Bentham does not assume that our estimates of what will maximize utility will always be reliable.  Nor does he assume that we should always try to maximize utility (IV 6).  Doing so is costly, and we may sometimes promote utility best by not trying to promote it..  Nonetheless, utility, he thinks, is the standard of right conduct.

THE DEFENSE OF UTILITARIANISM
Why should we accept utilitarianism?  Bentham’s defense of utilitarianism is contained in Chapter I.

  1. The words “right” and “ought” mean “promotes utility” (I 10).
  2. First principles are incapable of proof (I 11).
  3. Commonsense morality is imperfectly and inchoately utilitarian (I 12).
  4. Attempts to refute utilitarianism necessarily presuppose it (I 13).
  5. The alternative to utilitarianism is moral anarchy (I 14).
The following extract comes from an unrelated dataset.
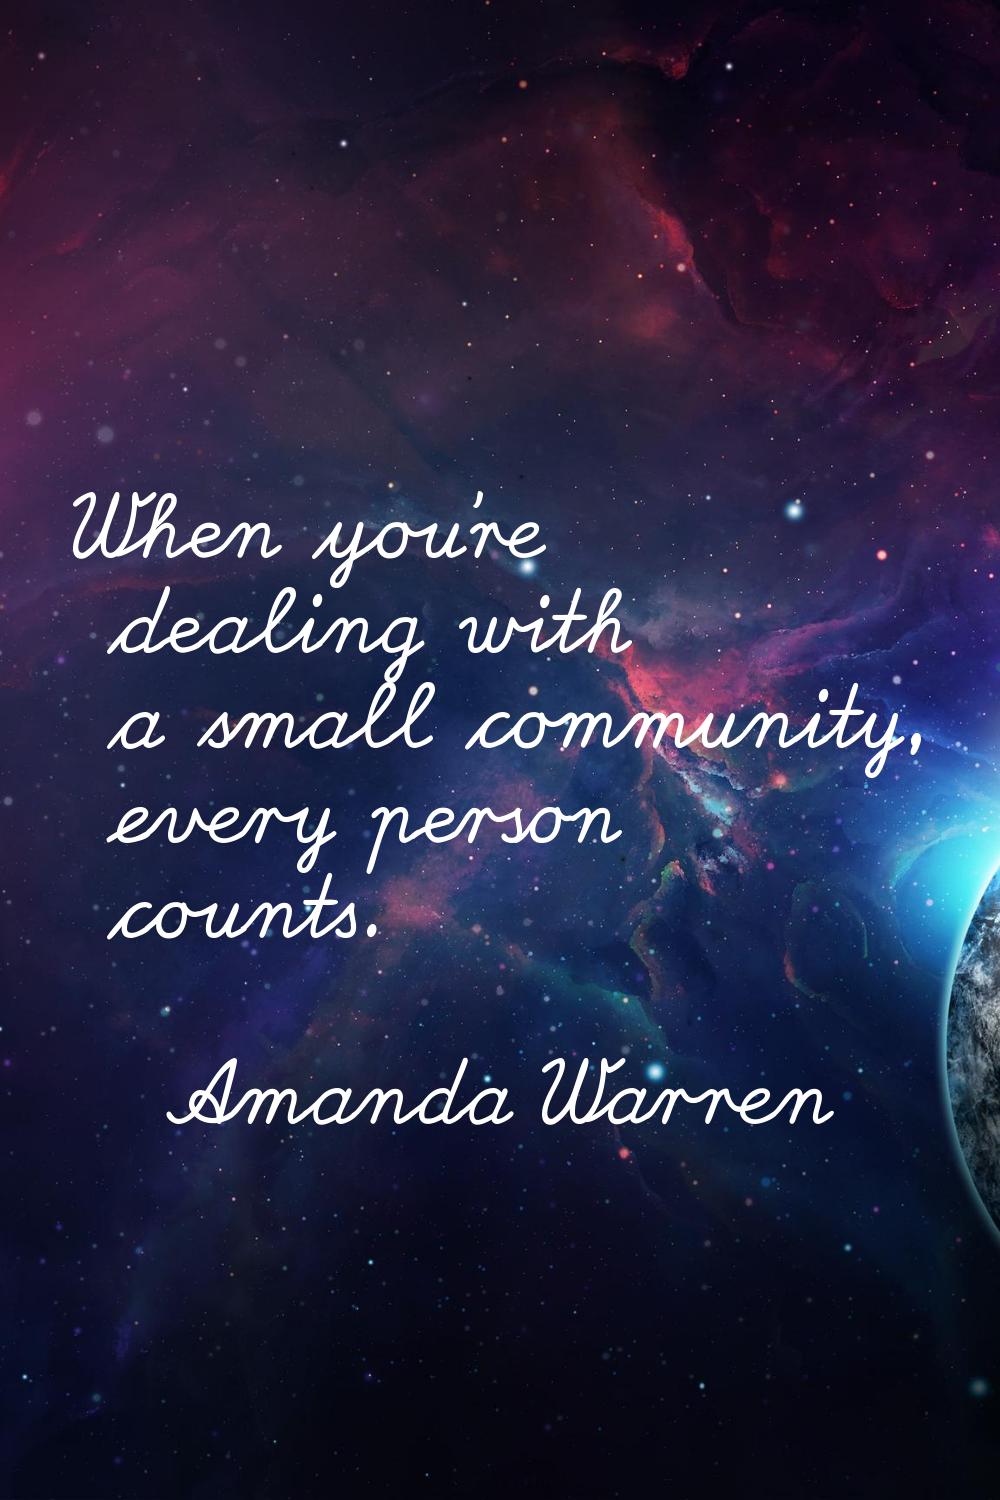 When you're dealing with a small community, every person counts.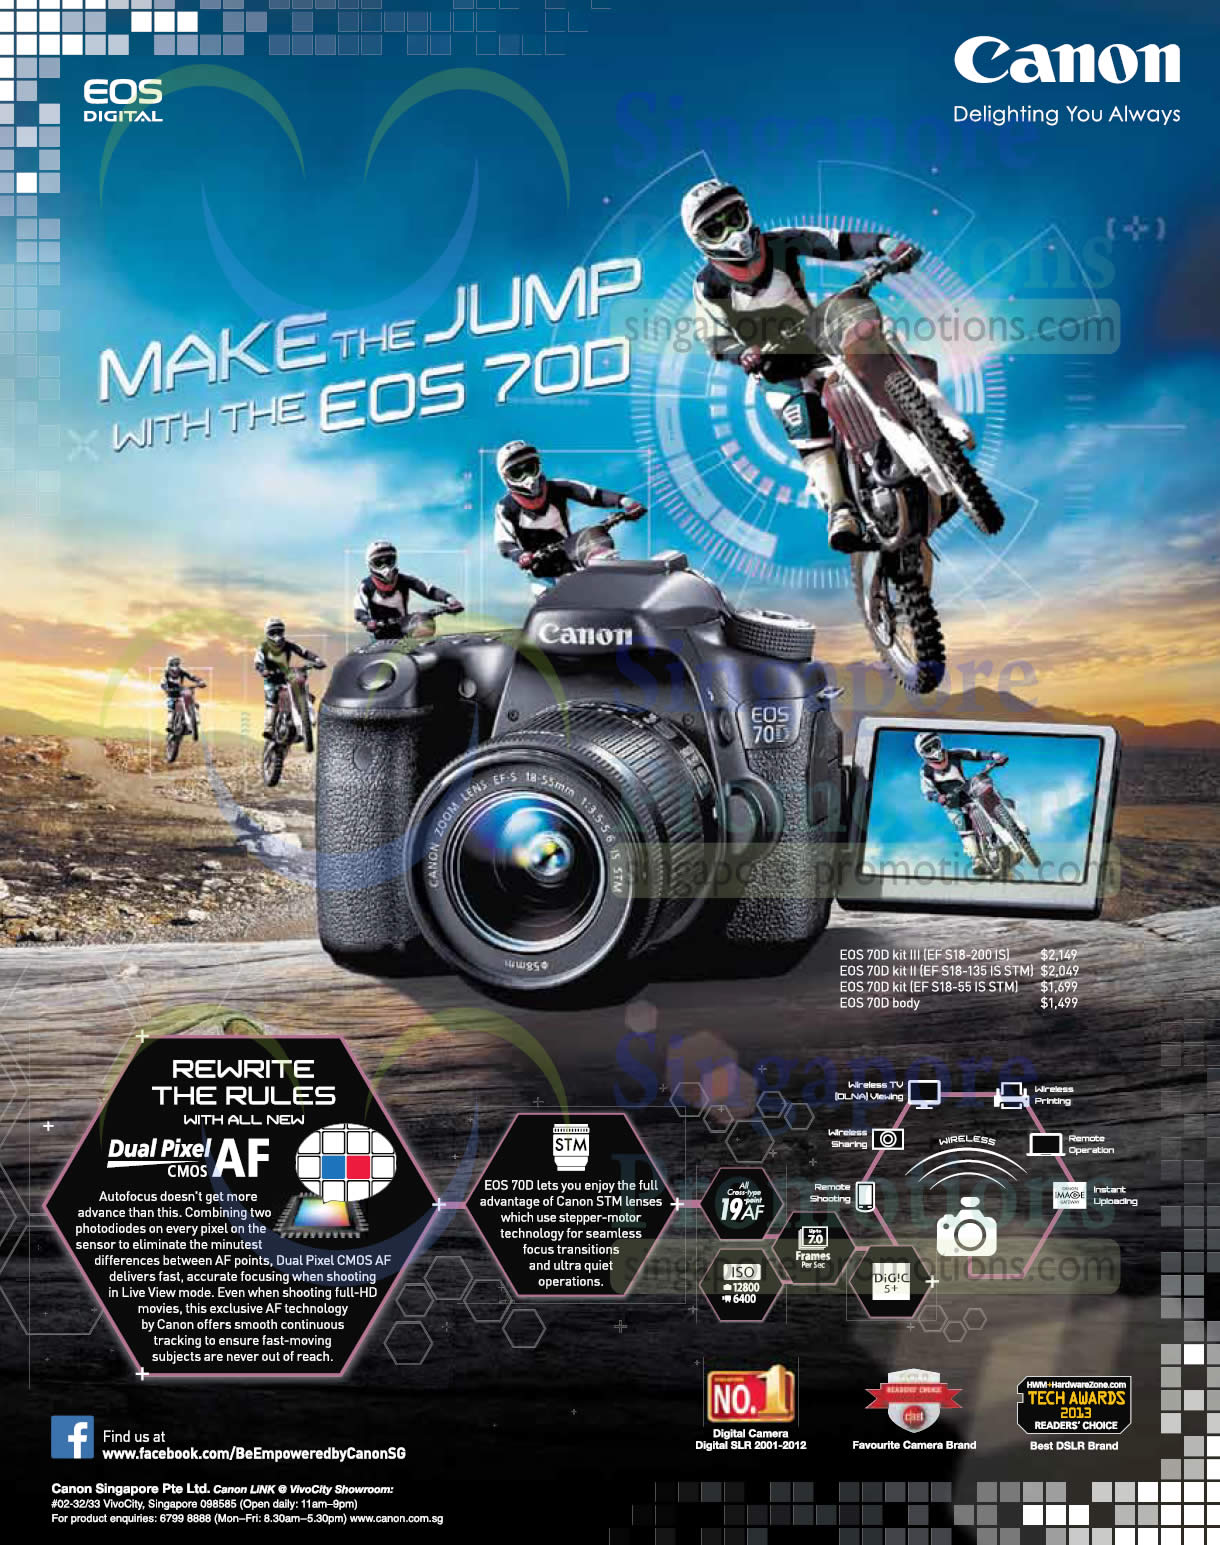 Featured image for Canon EOS 70D DSLR Digital Camera Features & Price 27 Sep 2013

(1) Ordinary speakers can doubt that it is one's duty to promote utility (either because they think that some actions are categorically wrong, no matter what the consequences, or because they think that the distribution, and not just the sum, of happiness matters), which shows utilitarianism is not true by definition.  (2) First principles cannot be derived from more ultimate principles (otherwise, they wouldn't be first principles), but they can be assessed by seeing how well their implications match or fit our considered judgments.  (3) This is why it would be significant if utilitarianism did provide a rough match with our considered moral judgments.  (4) Someone who objected that it was inexpedient to employ utilitarian reasoning would be presupposing utilitarianism.  But the proponent of categorical moral rules or strict principles of distributive justice need not presuppose utilitarianism.  (5) It's hard to see how utilitarianism enjoys any privileged position in relation to its rivals here.  The opponent of utilitarianism seeks to substitute, not intuition, but some rival principle or principles.  For any principle, agreement on that principle will, of course, reduce moral disagreement.  Reduce, not eliminate, because people can still disagree about how best to interpret or apply the principle.